What to do
Transcribe the data exactly, pictures excluded.

Raw data
▬▬▬▬▬▬▬▬▬▬
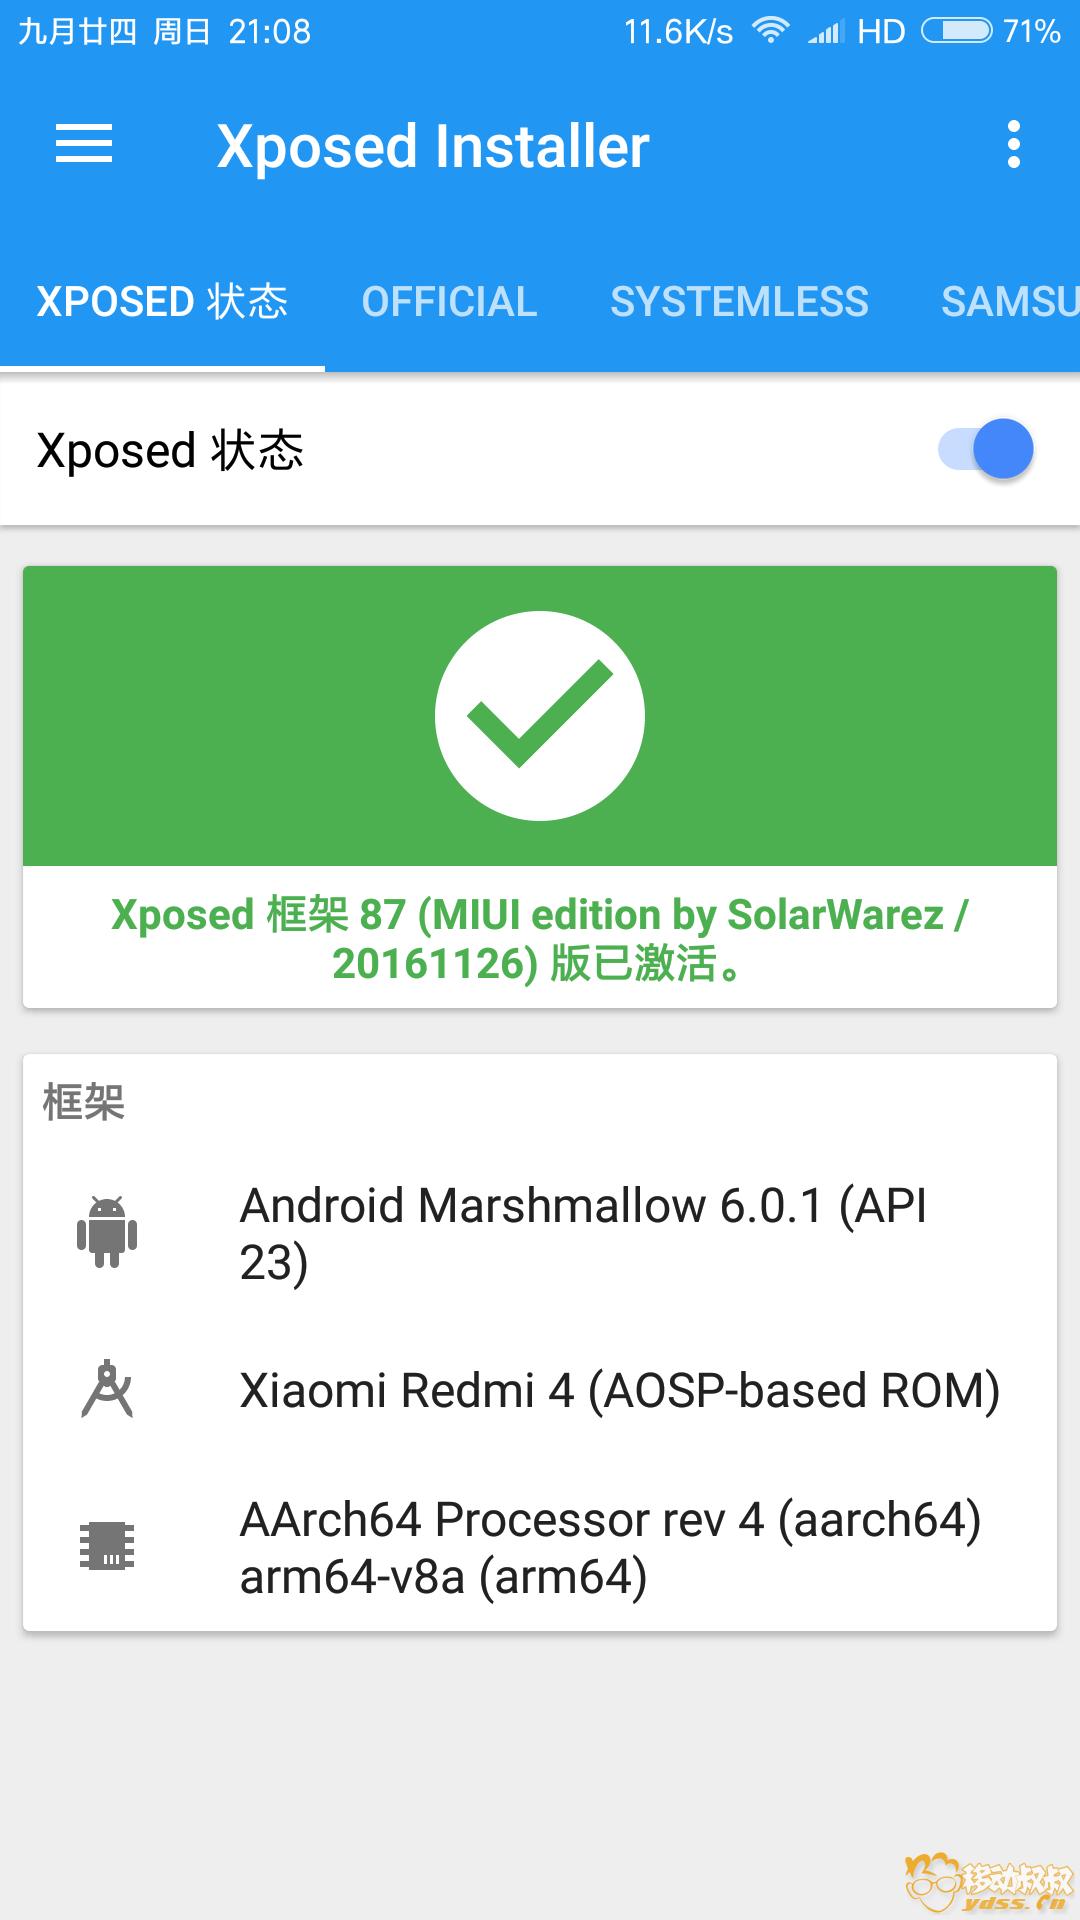 Screenshot_2017-11-12-21-08-40-288_de.robv.android.xposed.installer.png
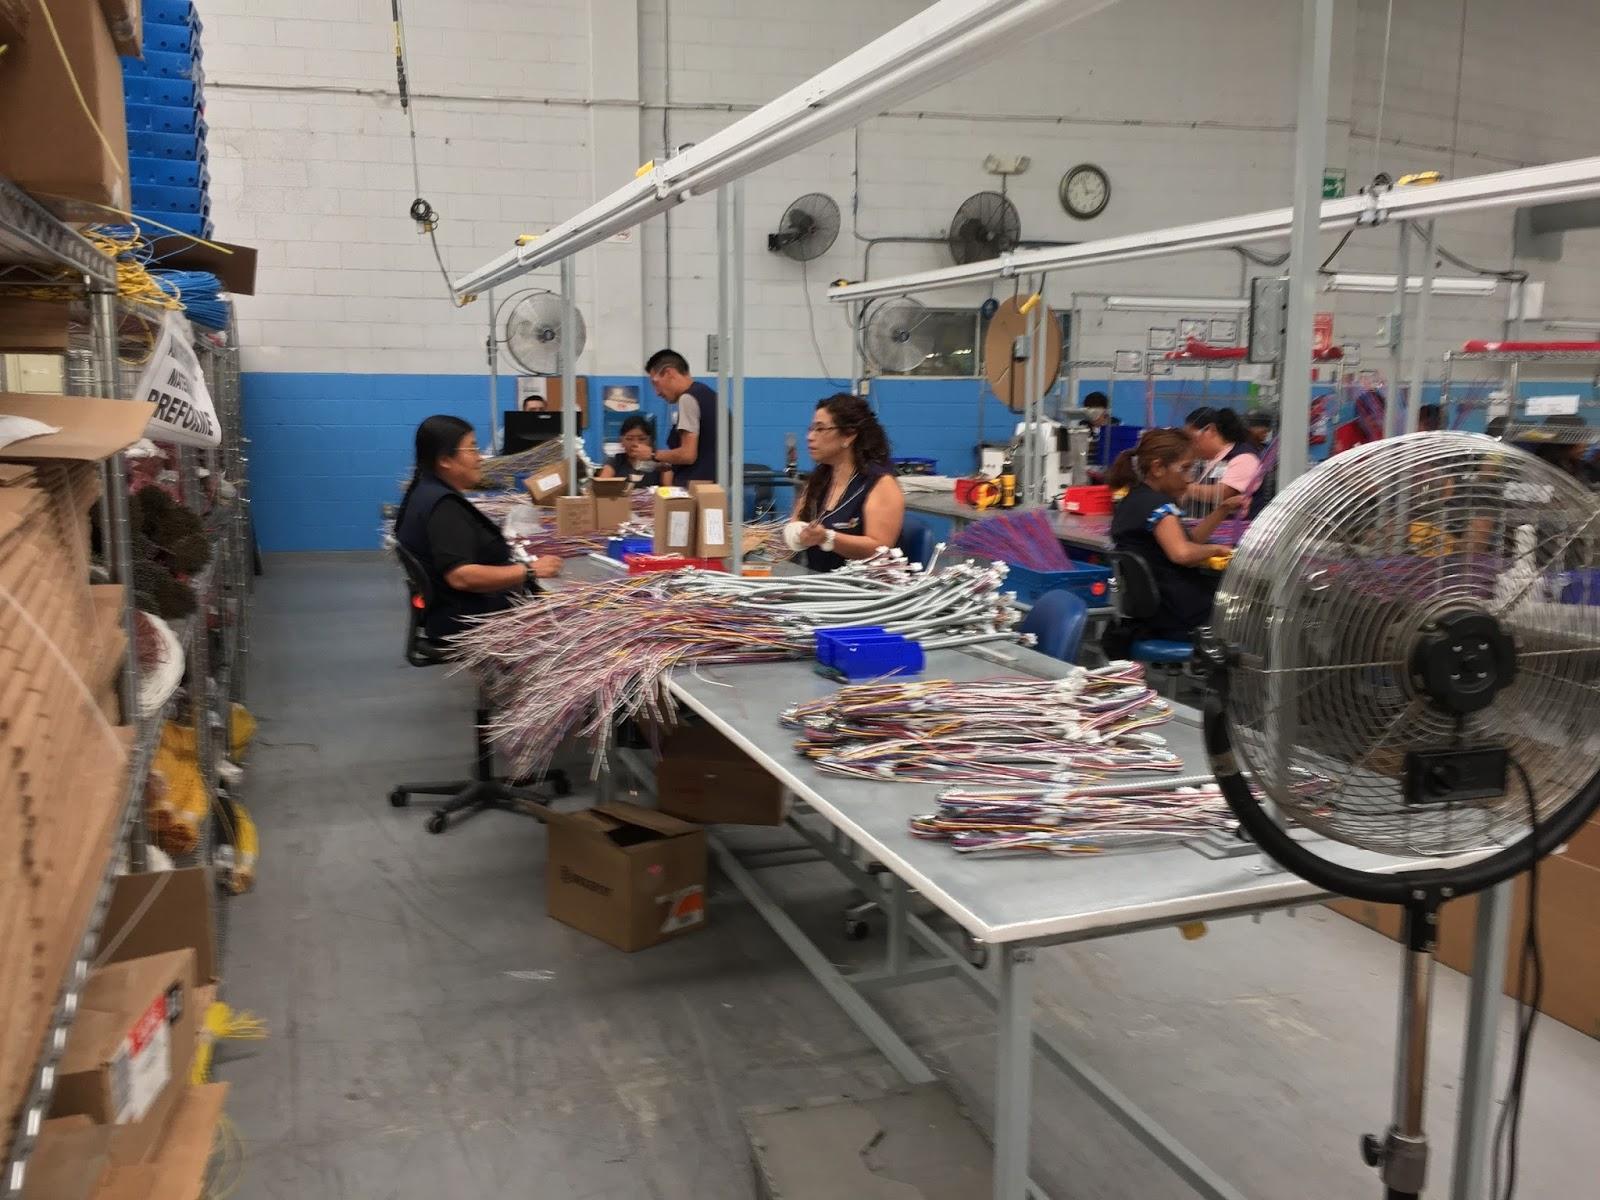 wire harness manufacturing facility mexico mea vita carpe diem tijuana manufacturing for kickstater #2
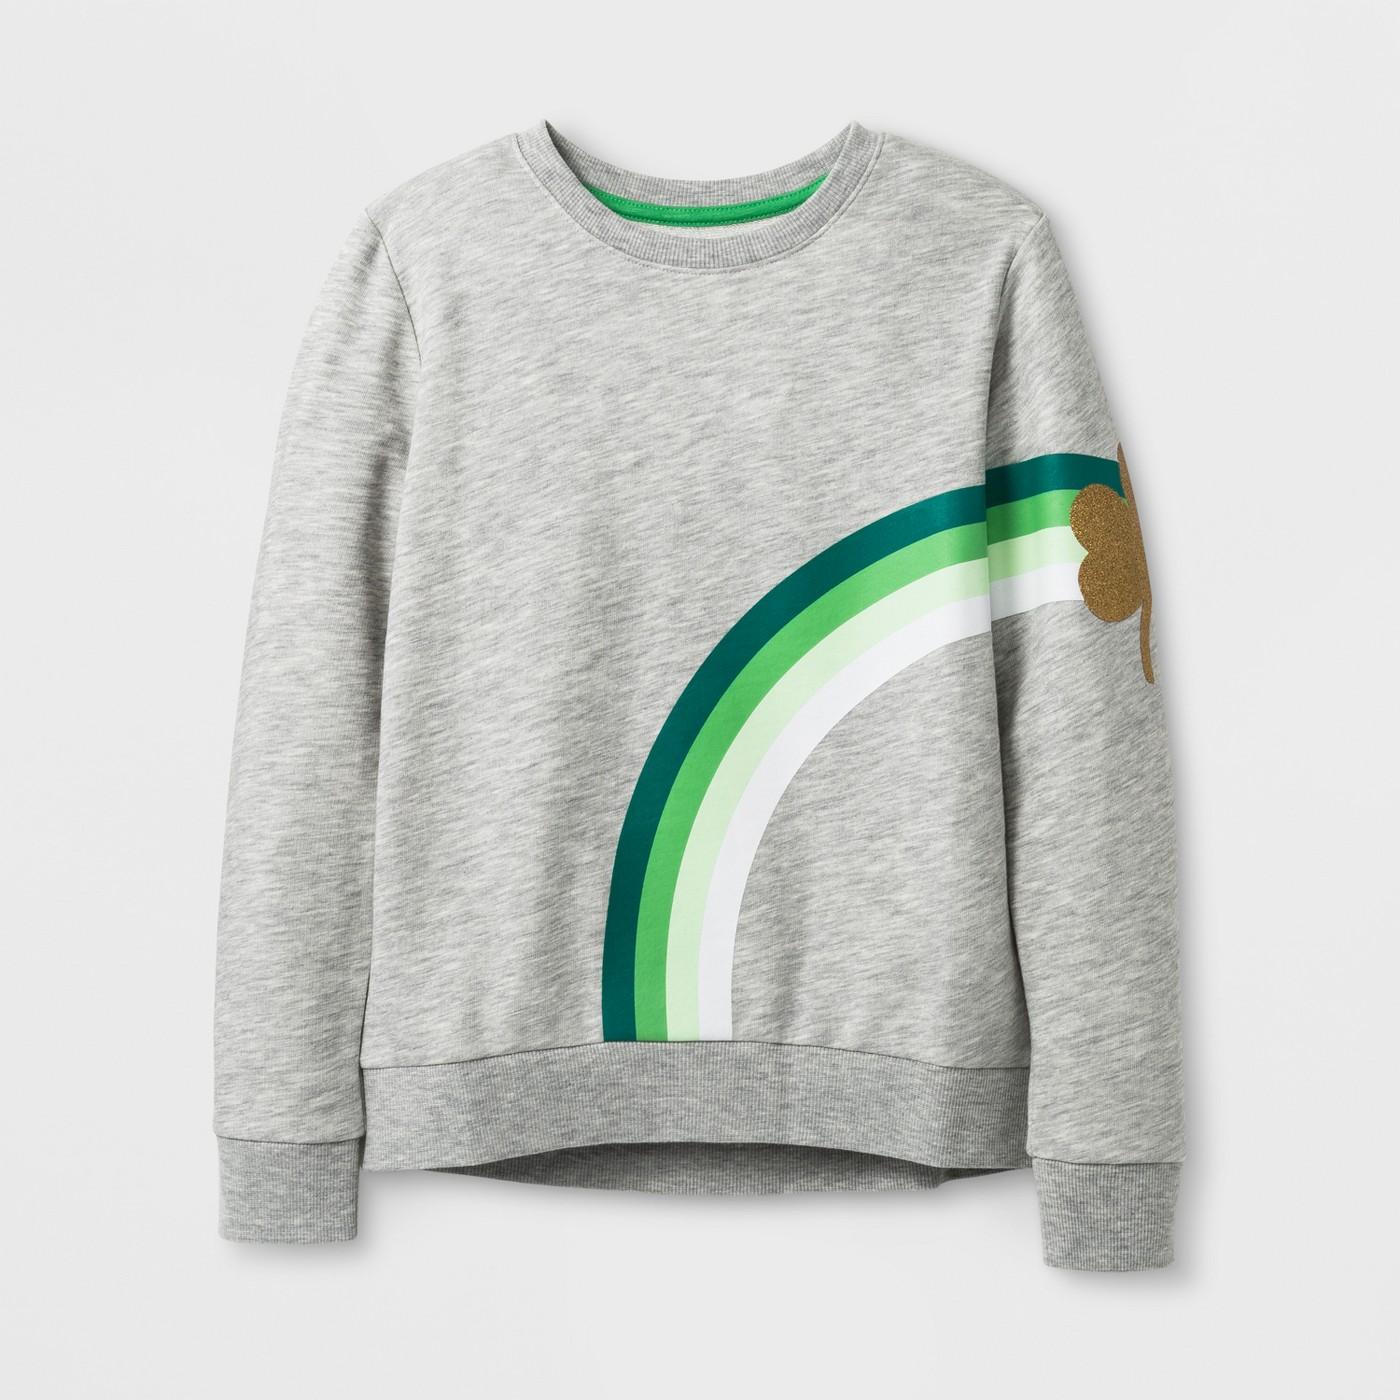 Girls St. Patrick's Day Sweatshirt $12.99-.jpeg
▬▬▬▬▬▬▬▬▬▬
Task output
 Screenshot_2017-11-12-21-08-40-288_de.robv.android.xposed.installer.png
 wire harness manufacturing facility mexico mea vita carpe diem tijuana manufacturing for kickstater #2
 Girls St. Patrick's Day Sweatshirt $12.99-.jpeg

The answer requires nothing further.